CT 9: Simplicity of God

In Chapter 9, Thomas explains that God is “simple,” that is, not composed of multiple parts.

A similar course of reasoning clearly shows that the first mover must be simple. For any composite being must contain two factors that are related to each other as potency to act. But in the first mover, which is altogether immobile, all combination of potency and act is impossible, because whatever is in potency is, by that very fact, movable. Accordingly the first mover cannot be composite.

I do not see why any composite being must “contain two factors that are related to each other as potency to act.” But then, I’m not entirely sure what it means for being to “contain two factors that are related to each other as potency to act.” To review, potency, or potentiality, is the possibility of having some form, as my son has the potency of being a man. Act is the actuality. Once my son grows up, he will actually be a man. But what the quote phrase actually means I don’t understand. But the argument that God, being immobile and immutable, is solely act with no potency is clear enough.

Perhaps it’s simply that a being consisting of two or more pieces has the possibility of being separated into its pieces; that’s the potency, and the individual pieces are the act.

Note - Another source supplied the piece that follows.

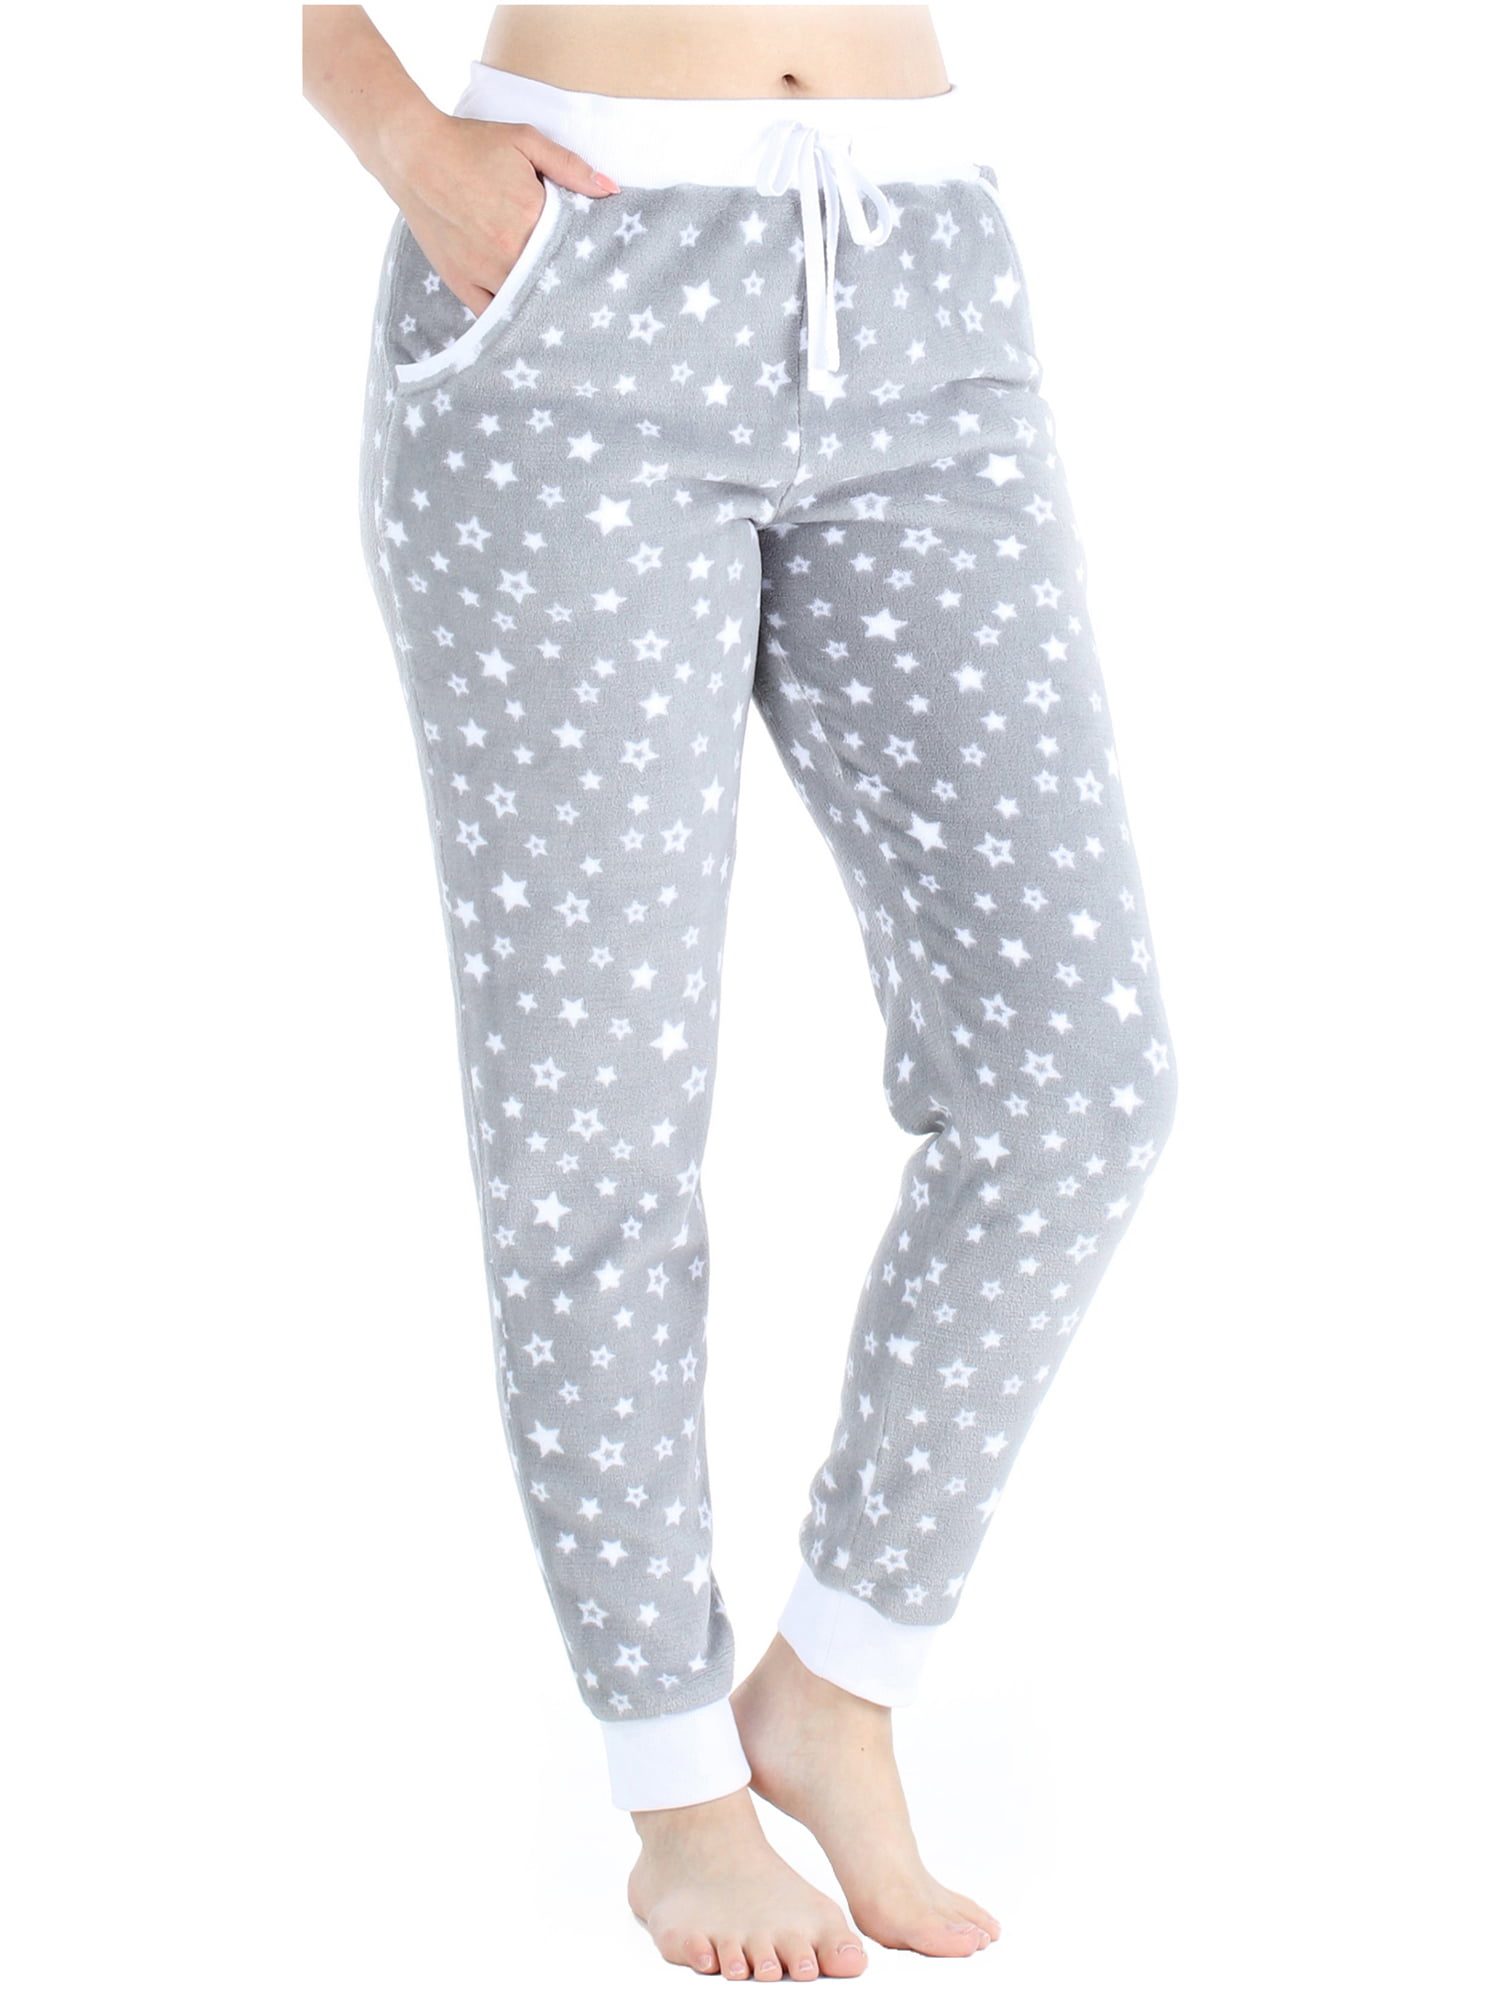 PajamaMania - PajamaMania Women's Plush Fleece Jogger Pajama Pants with ...

The subsequent argument makes more sense.

Moreover, something has to exist prior to any composite, since composing elements are by their very nature antecedent to a composite. Hence the first of all beings cannot be composite.

Because if it were, its components would have existed beforehand, and it would not be the first of all beings.

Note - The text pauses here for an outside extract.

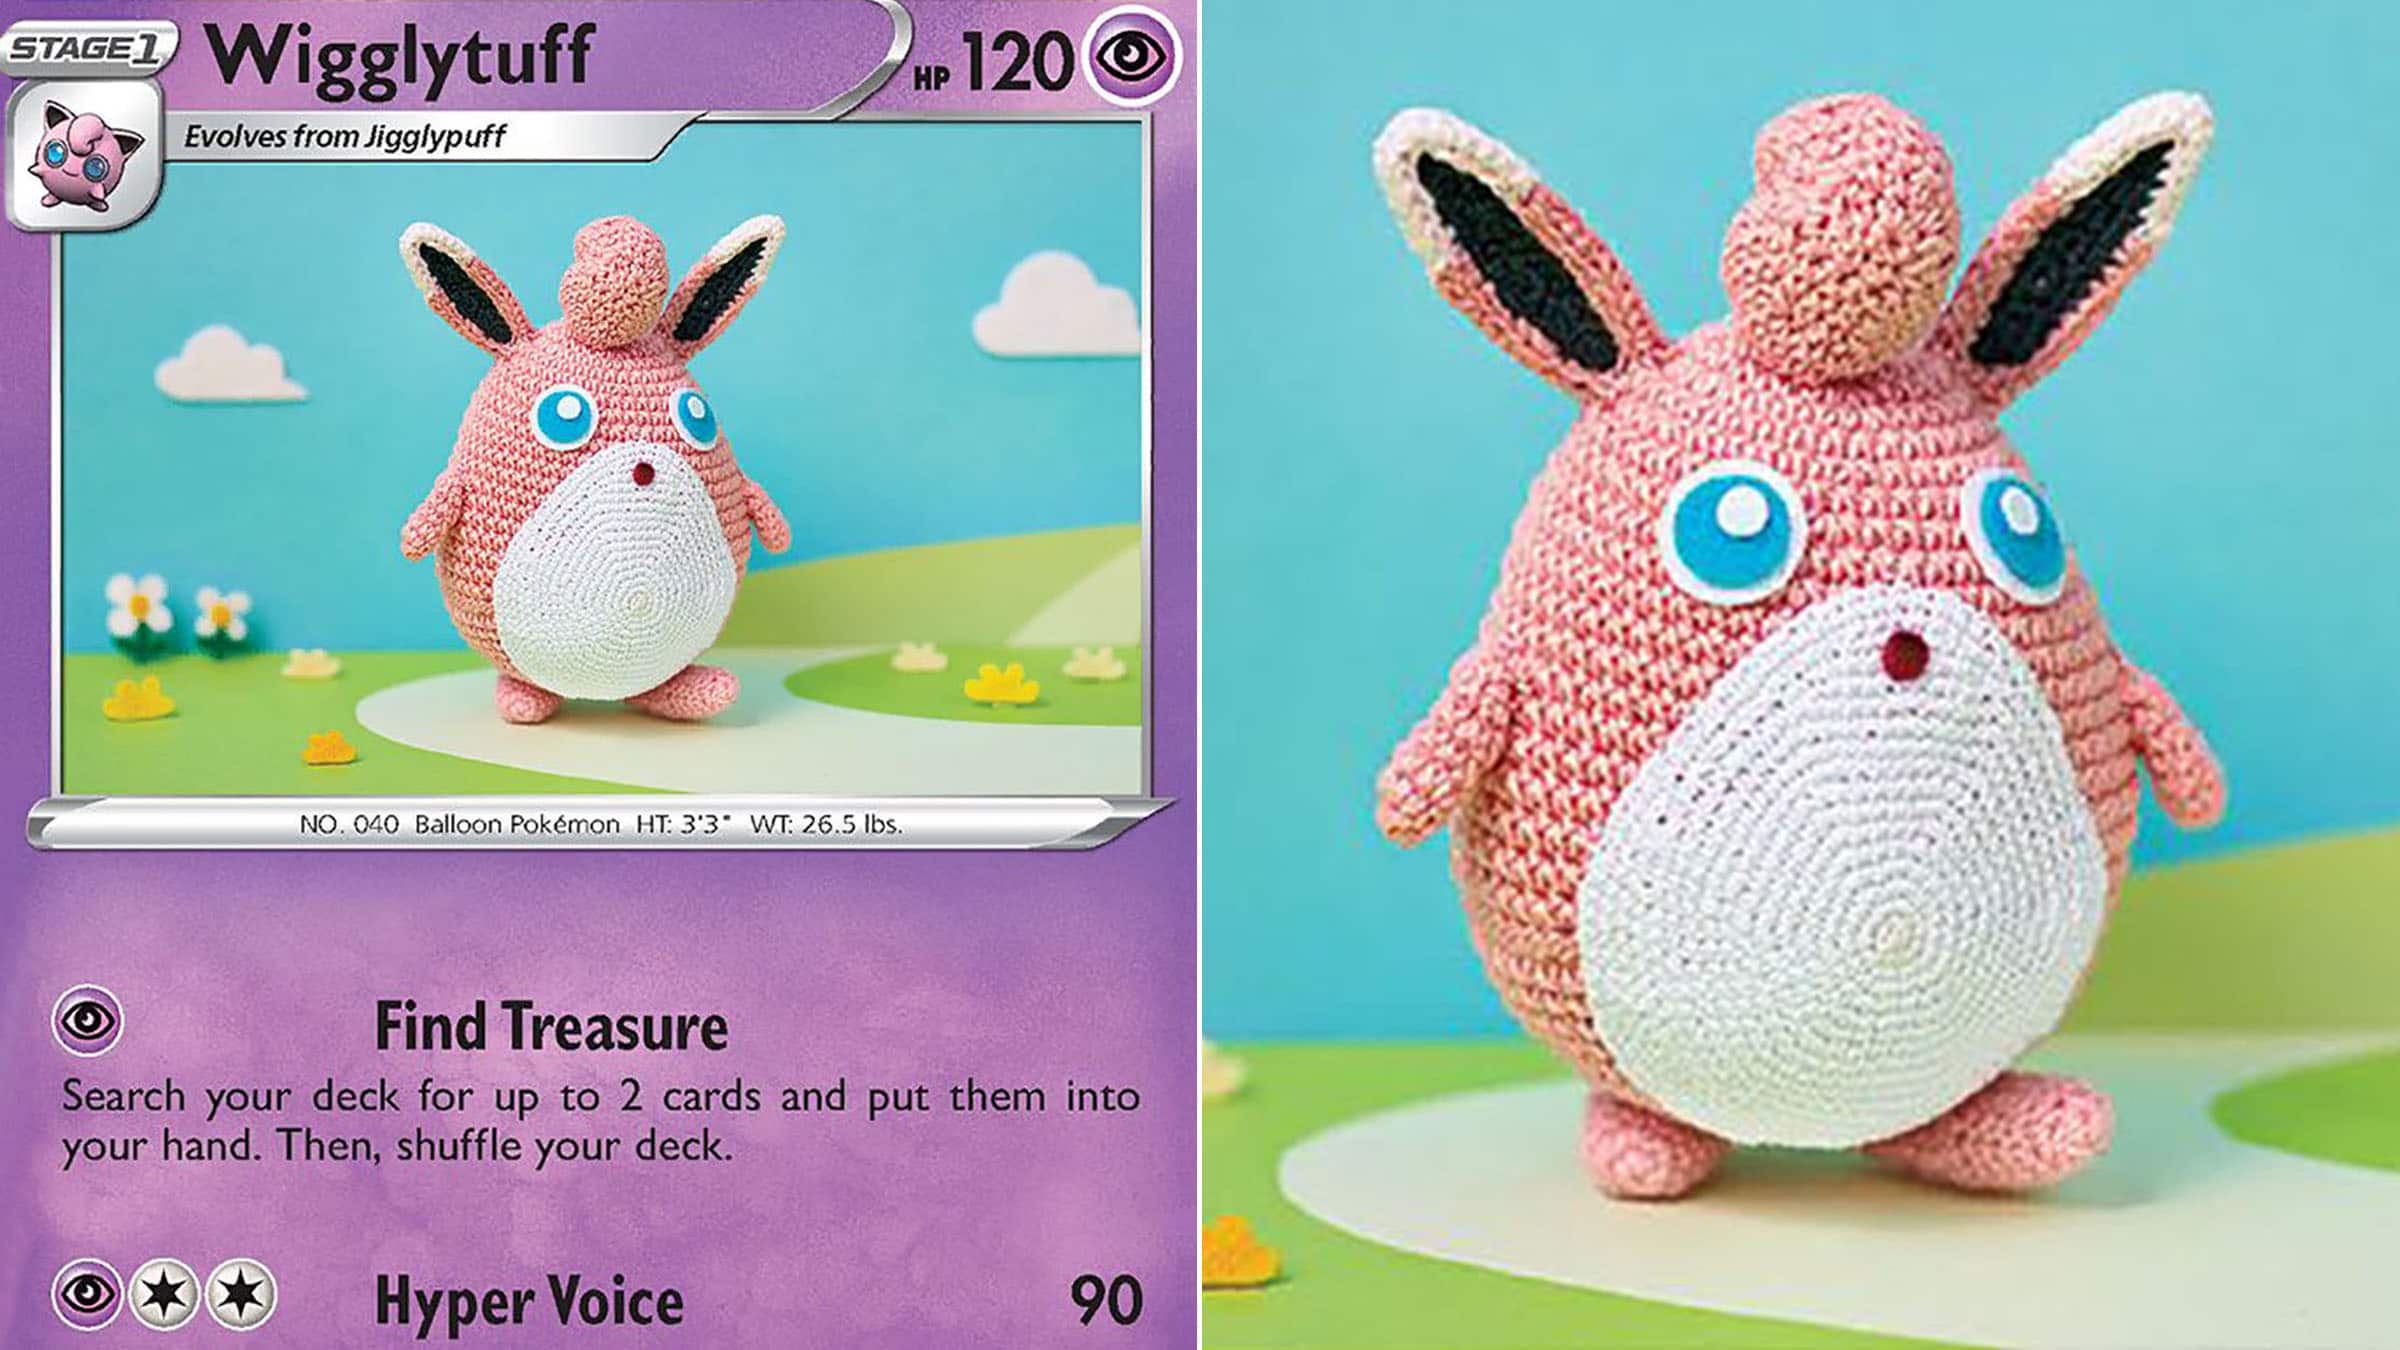 Des cartes Pokémon officielles avec des créatures réalisées en crochet

Even within the order of composite beings we observe that the simpler things have priority. Thus elements are naturally prior to mixed bodies. Likewise, among the elements themselves, the first is fire, which is the simplest of all. Prior to all elements is the heavenly body, which has a simpler construction, since it is free from all contrariety. Hence the truth remains that the first of beings must be absolutely simple.

And here again we have an appeal to Aristotelian physics, which I have a hard time taking seriously. On the other hand, we moderns would agree that atoms, for example, are naturally prior to, say, books, computers, and human beings, and that electrons, protons, and neutrons are naturally prior to atoms. But I’m not sure that this is truly relevant.